━━ DATA SECTION ━━

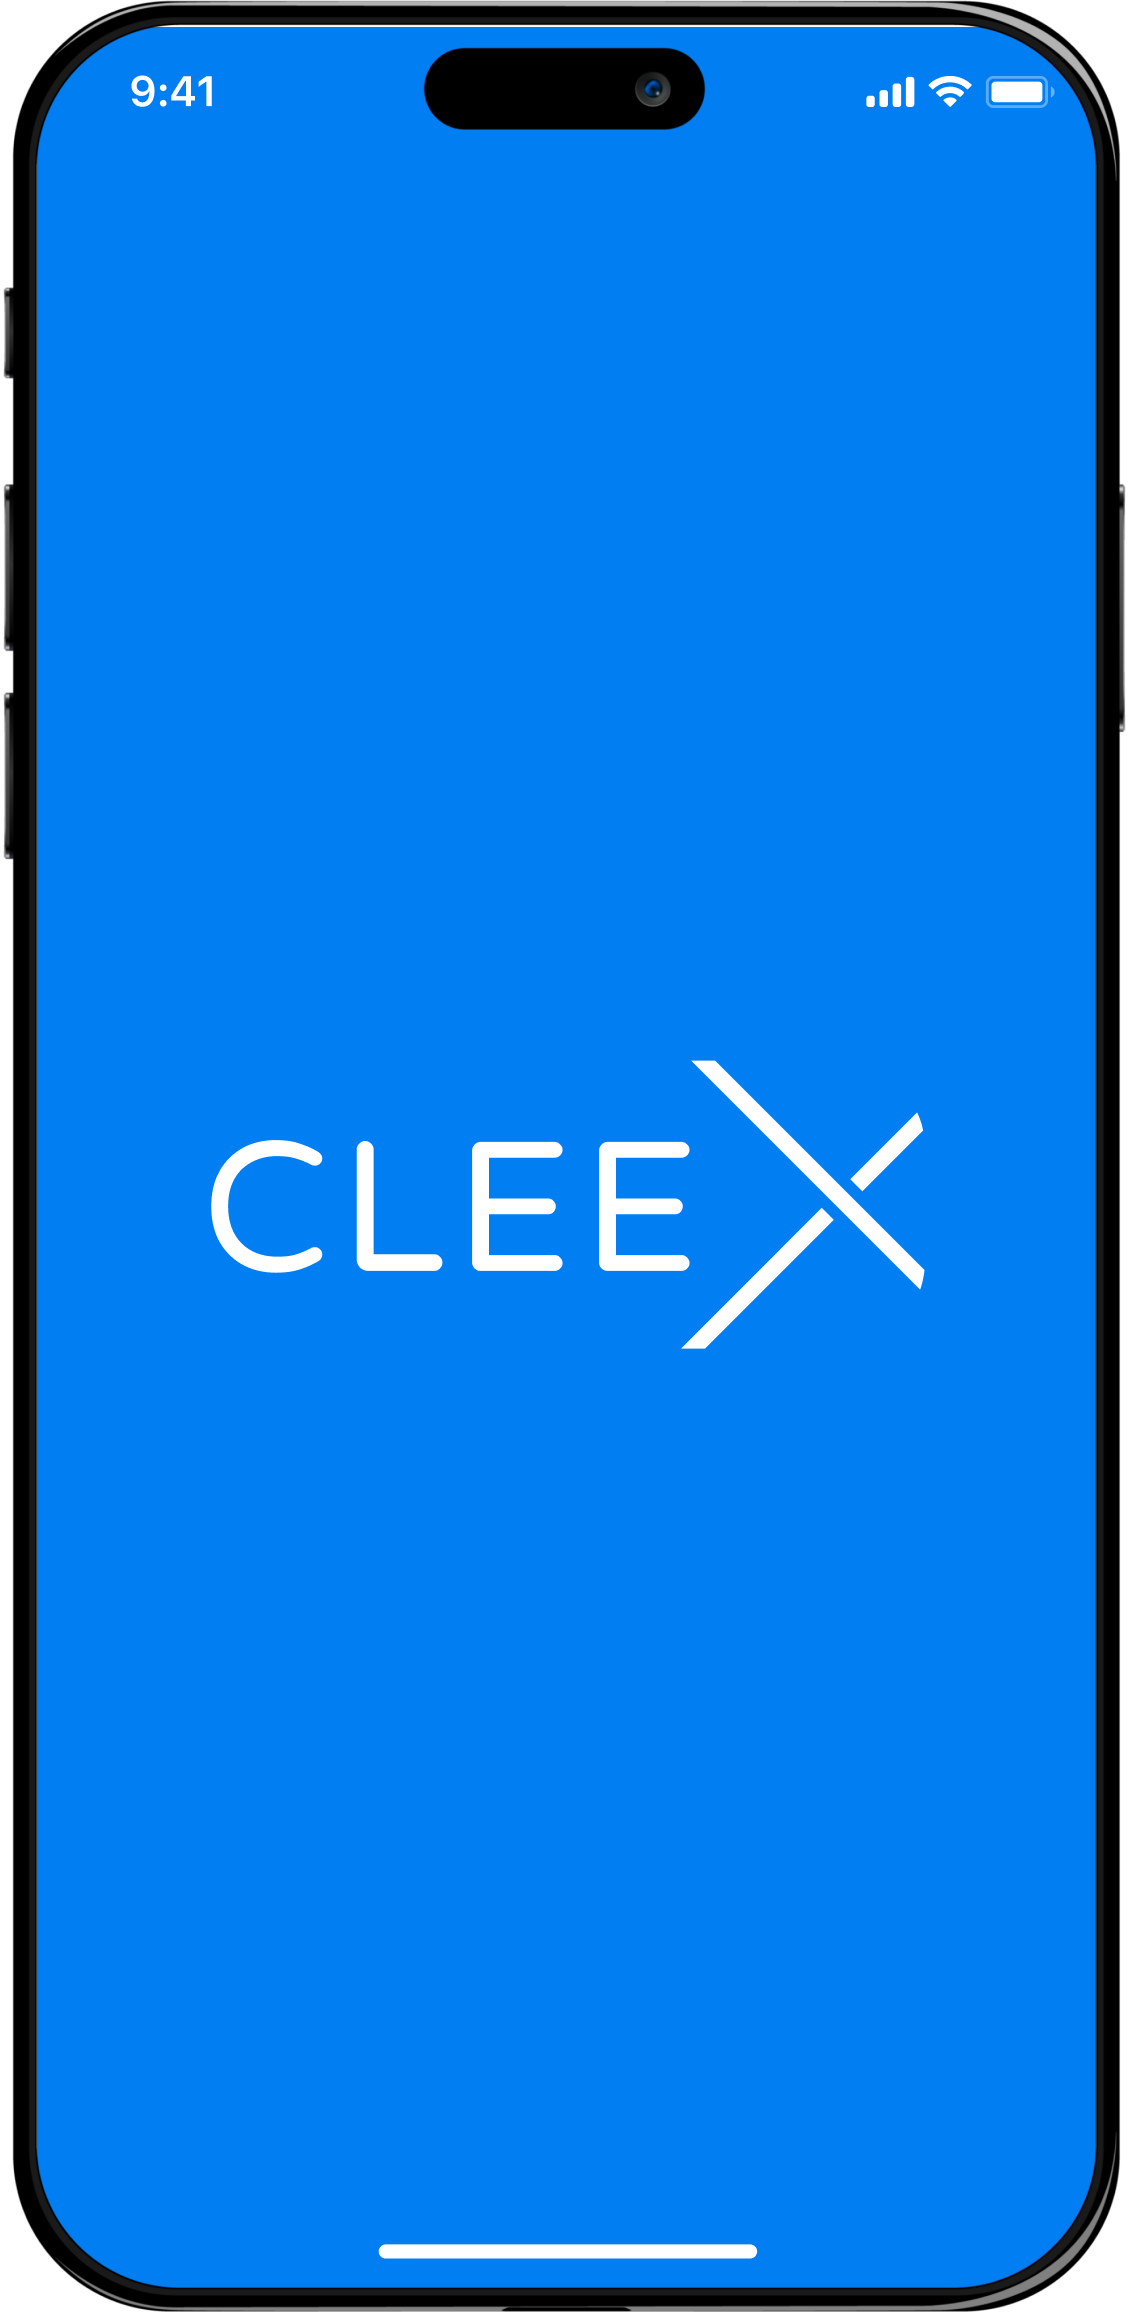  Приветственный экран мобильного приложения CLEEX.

━━━
━━ DATA SECTION ━━

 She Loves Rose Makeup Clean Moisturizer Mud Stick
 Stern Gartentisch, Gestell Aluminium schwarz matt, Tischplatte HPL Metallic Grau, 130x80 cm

━━━

→ WORK REQUIRED
Look above for the line holding "She Loves Rose" and the line holding "Stern Gartentisch, Gestell". Retype both, and every line between them, word for word and nothing else.

→ ANSWER TO THE PROBLEM
 She Loves Rose Makeup Clean Moisturizer Mud Stick
 Stern Gartentisch, Gestell Aluminium schwarz matt, Tischplatte HPL Metallic Grau, 130x80 cm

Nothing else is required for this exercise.